> Instructions for the task
Each line from the one bearing "That was not the response I was expecting. 😆" through the last line of the entries below should be returned exactly, with pictures left out.

* * *

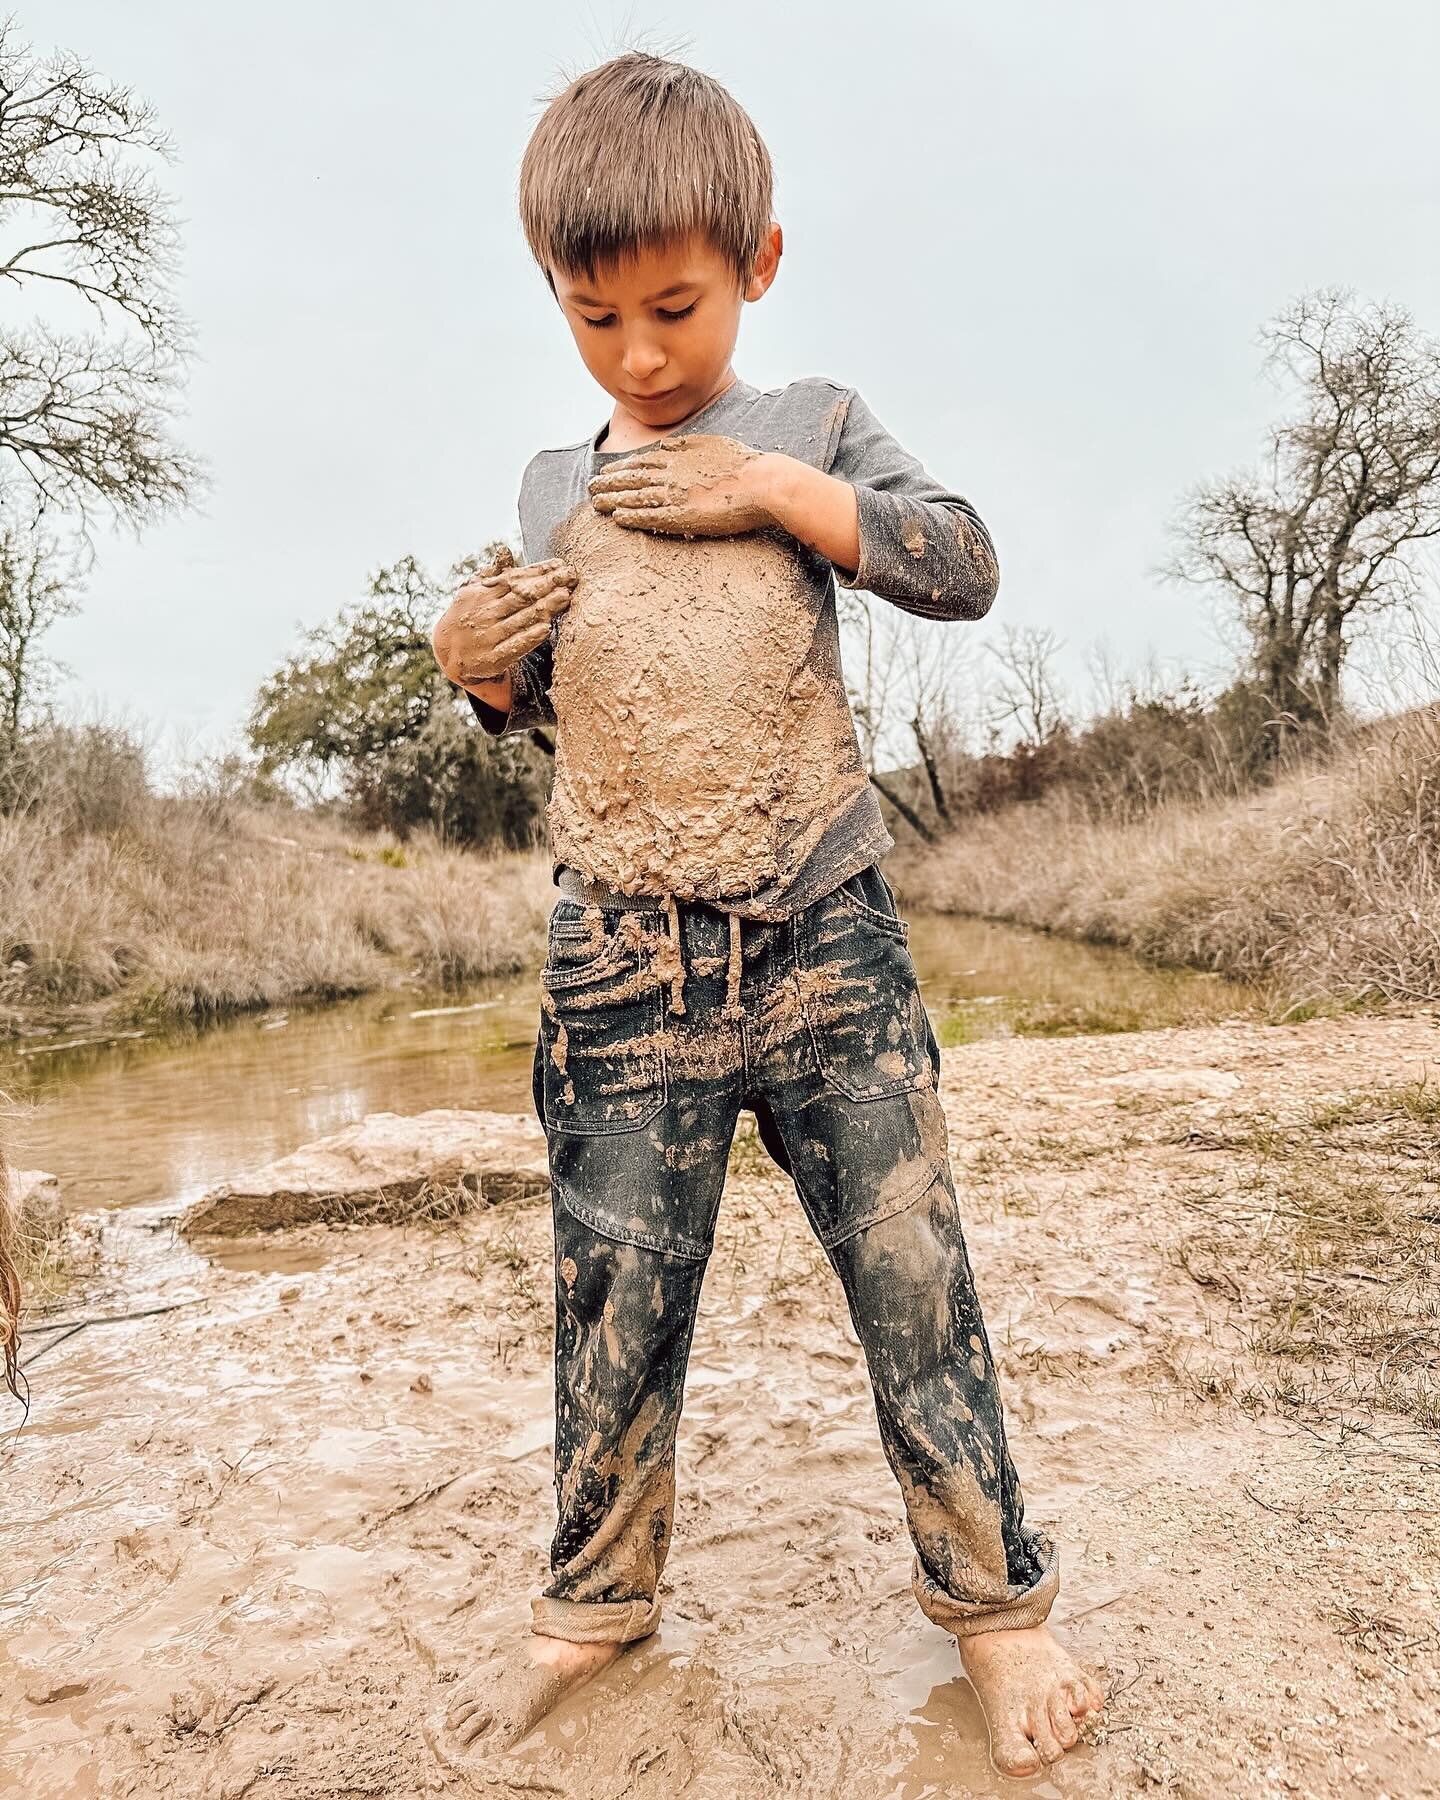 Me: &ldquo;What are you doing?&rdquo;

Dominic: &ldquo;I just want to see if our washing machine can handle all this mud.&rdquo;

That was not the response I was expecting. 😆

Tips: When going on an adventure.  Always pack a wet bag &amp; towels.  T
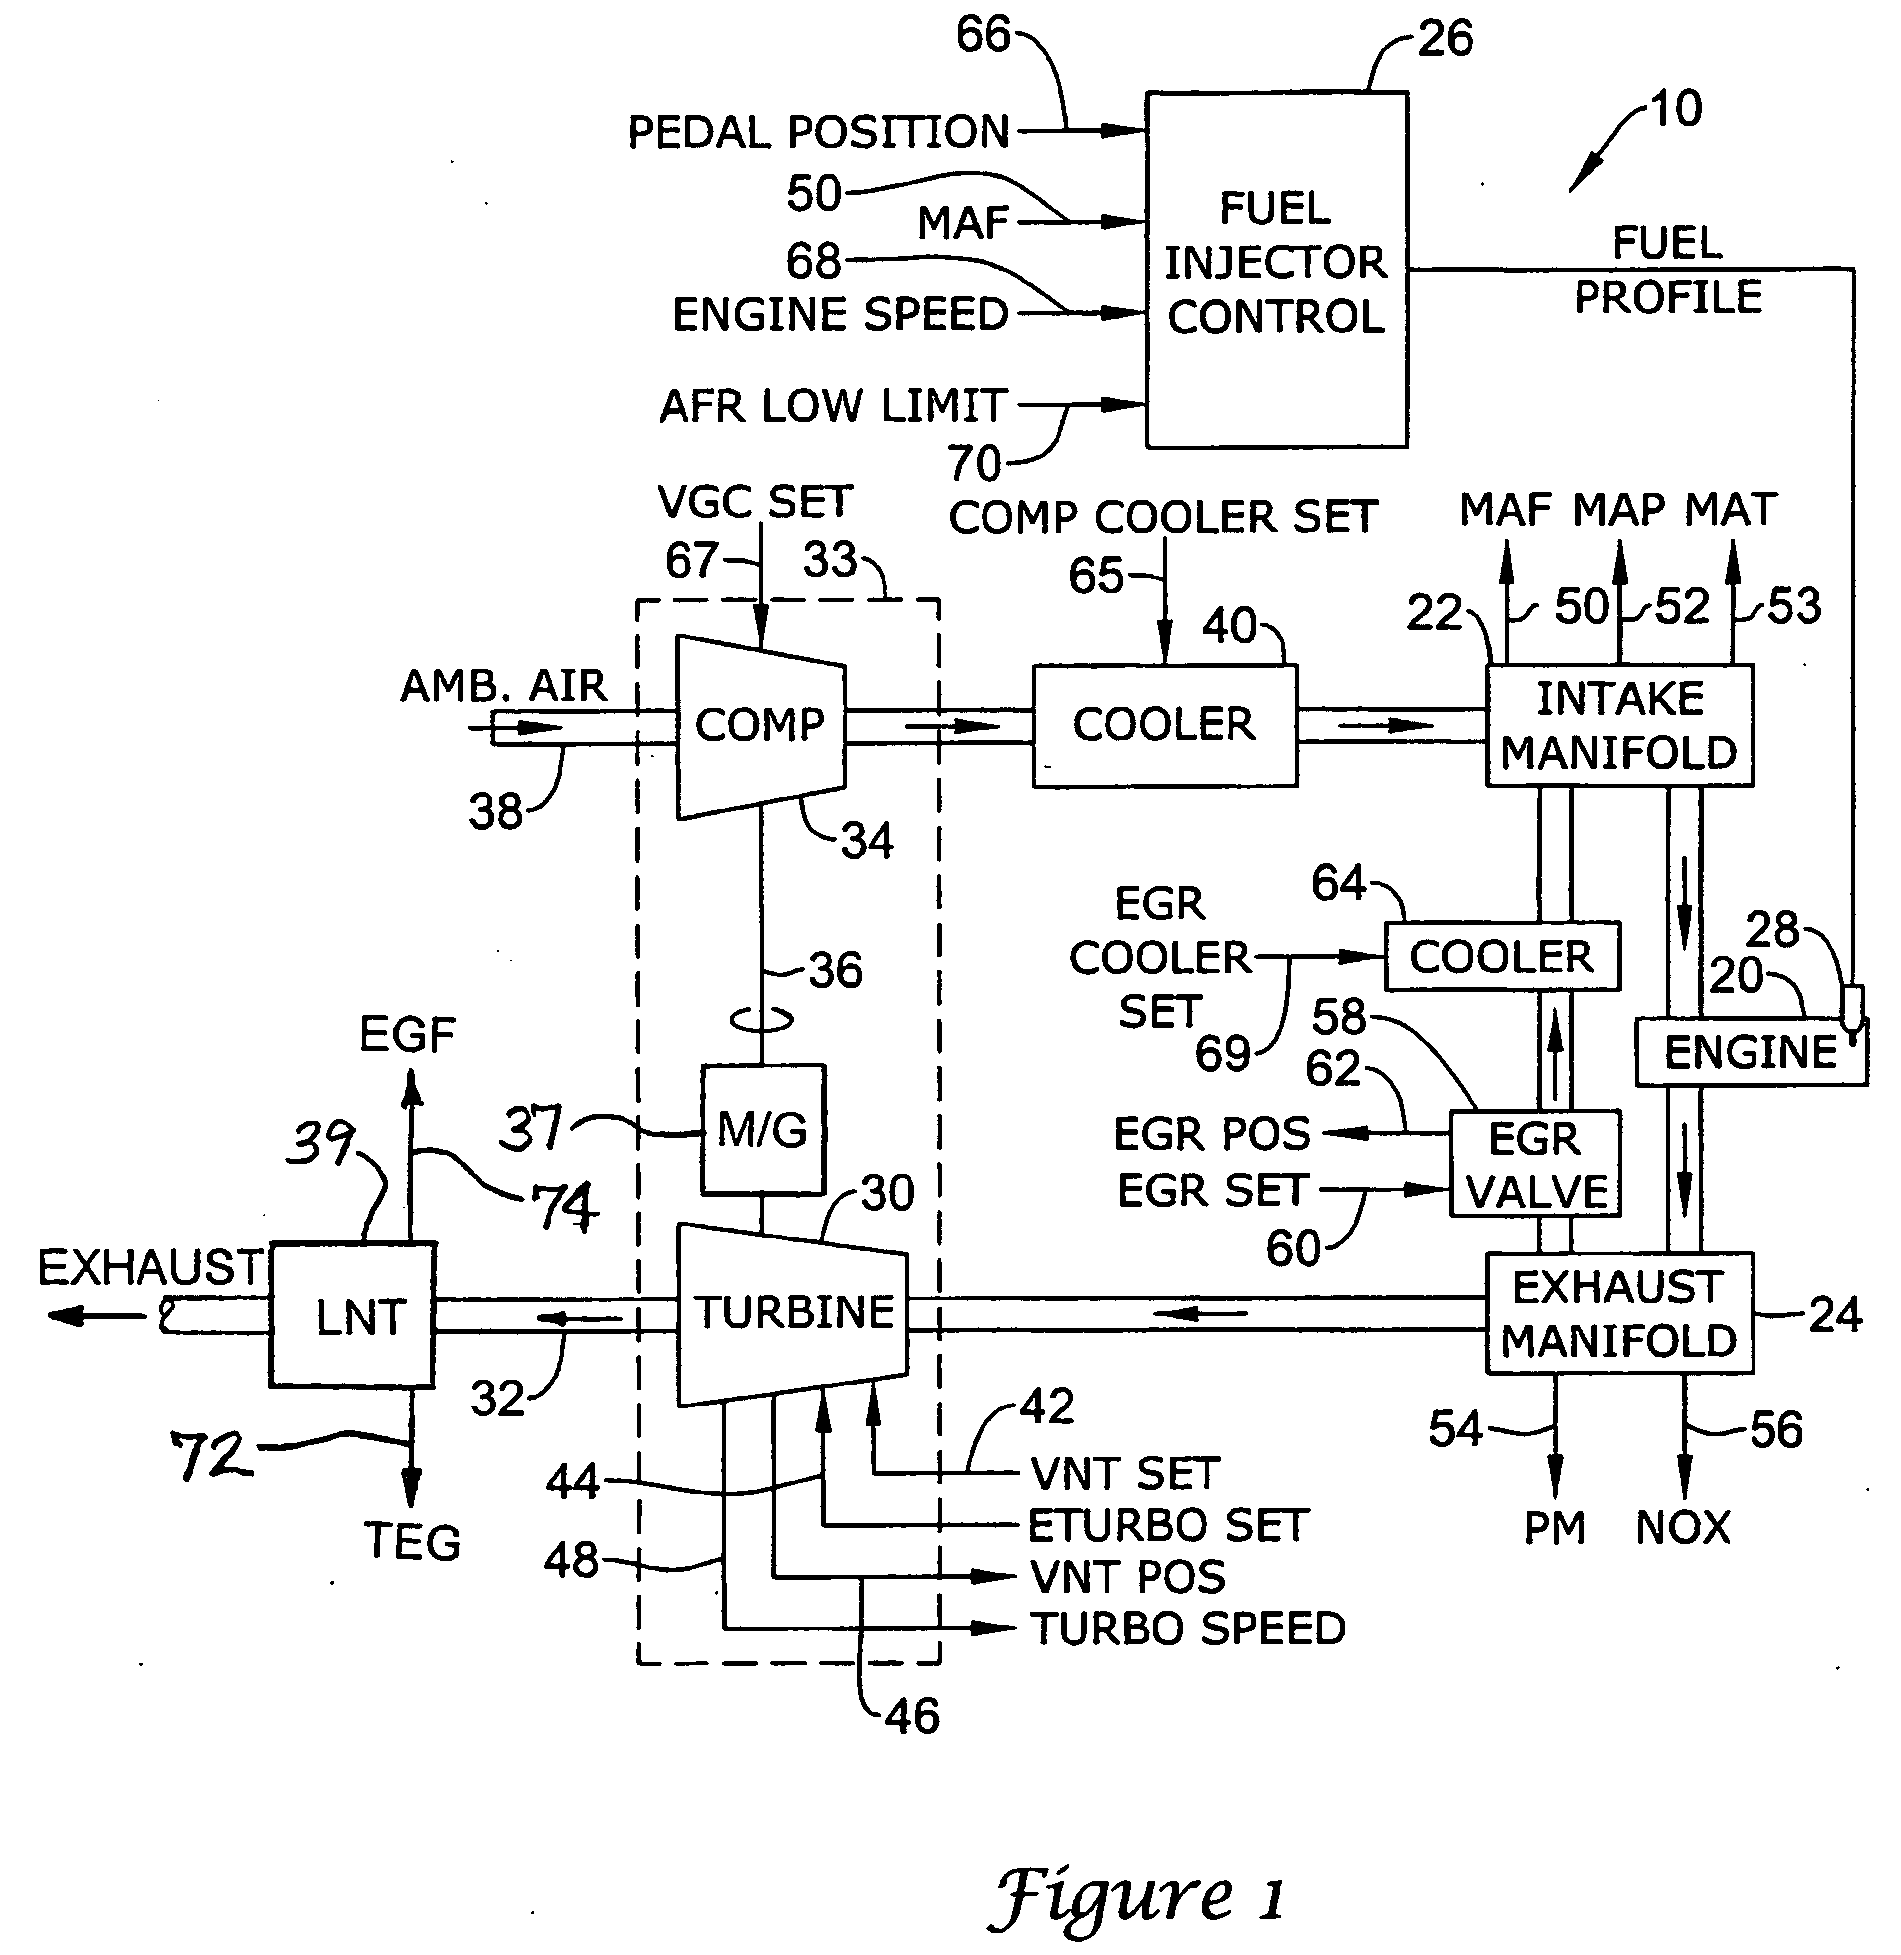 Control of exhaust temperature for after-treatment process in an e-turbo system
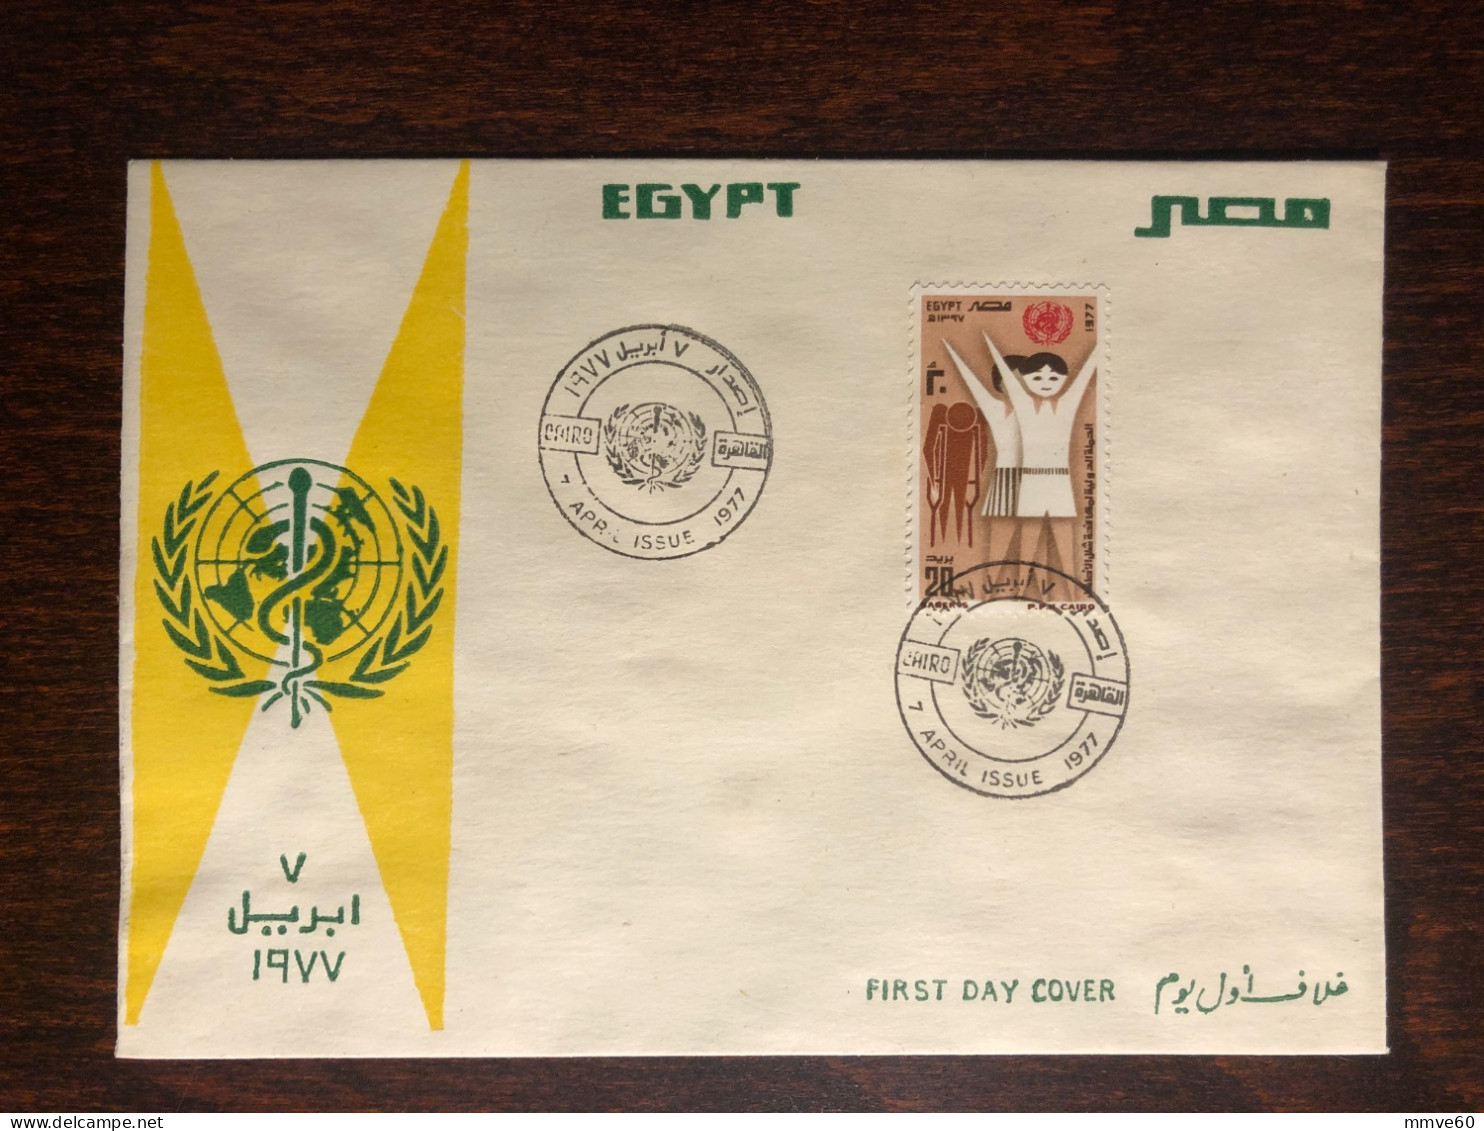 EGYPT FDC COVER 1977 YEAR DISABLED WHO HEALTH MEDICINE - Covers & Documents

* * *

> Expected output
That was not the response I was expecting. 😆

Tips: When going on an adventure.  Always pack a wet bag &amp; towels.  T
 Control of exhaust temperature for after-treatment process in an e-turbo system
 EGYPT FDC COVER 1977 YEAR DISABLED WHO HEALTH MEDICINE - Covers & Documents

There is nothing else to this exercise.